Reputation: 2154
I have a set of terms that I want to map to a specific phrase at query time. For that I am using solr.SynonymFilterFactory
. Here is a snippet from schema.xml
<fieldType name="text_lc" class="solr.TextField" positionIncrementGap="100">
<analyzer>
<tokenizer class="solr.KeywordTokenizerFactory"/>
<filter class="solr.LowerCaseFilterFactory"/>
<filter class="solr.SynonymFilterFactory" synonyms="synonyms.txt" ignoreCase="true" expand="false"/>
</analyzer>
</fieldType>
Here is the synonyms.txt
cat, bat, mouse => small animals
Here is the output of analysis:
The problem is that small animals are appearing as separate tokens whereas I want to search on "small animals" as a whole.
How to get a multi-word synonym as a single entity in solr?
Upvotes: 2
Views: 892
Reputation: 52862
The new SynonymGraphFilter has specific functionality to handle multi word synonyms, as these weren't handled properly by the old synonym filter.
Multi word synonyms are still hard to get right, but the new filter at least has a strategy for multi word synonyms.

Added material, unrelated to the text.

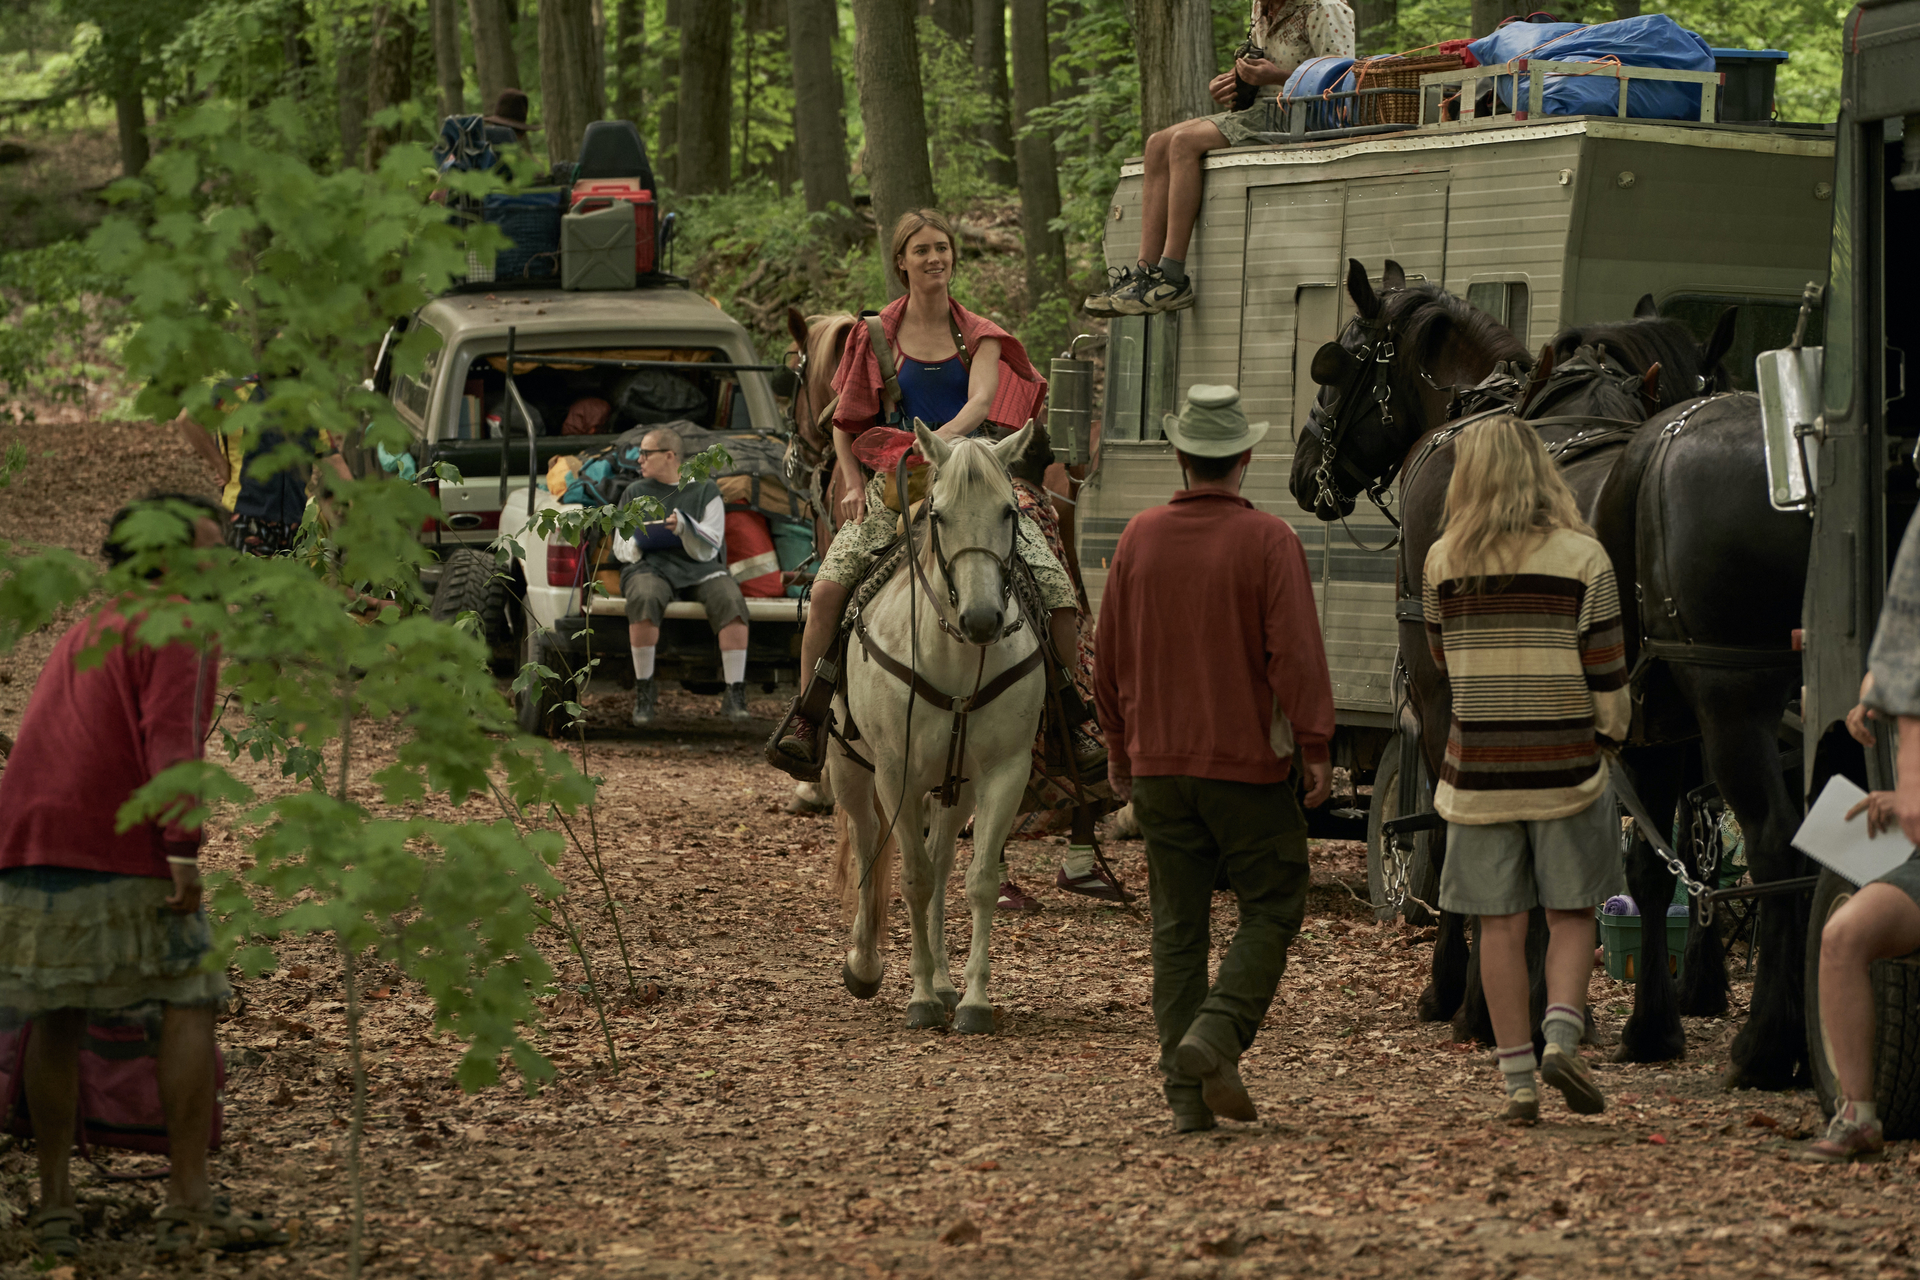 Mackenzie Davis as Kirsten in The Eleventh Station, on horseback passing through a caravan

Example from the reference guide:
<analyzer type="index">
<tokenizer class="solr.StandardTokenizerFactory"/>
<filter class="solr.SynonymGraphFilterFactory" synonyms="mysynonyms.txt"/>
<filter class="solr.FlattenGraphFilterFactory"/> <!-- required on index analyzers after graph filters -->
</analyzer>
<analyzer type="query">
<tokenizer class="solr.StandardTokenizerFactory"/>
<filter class="solr.SynonymGraphFilterFactory" synonyms="mysynonyms.txt"/>
</analyzer>
Pay attention to the FlattenGraphFilterFactory
requirement.
Upvotes: 2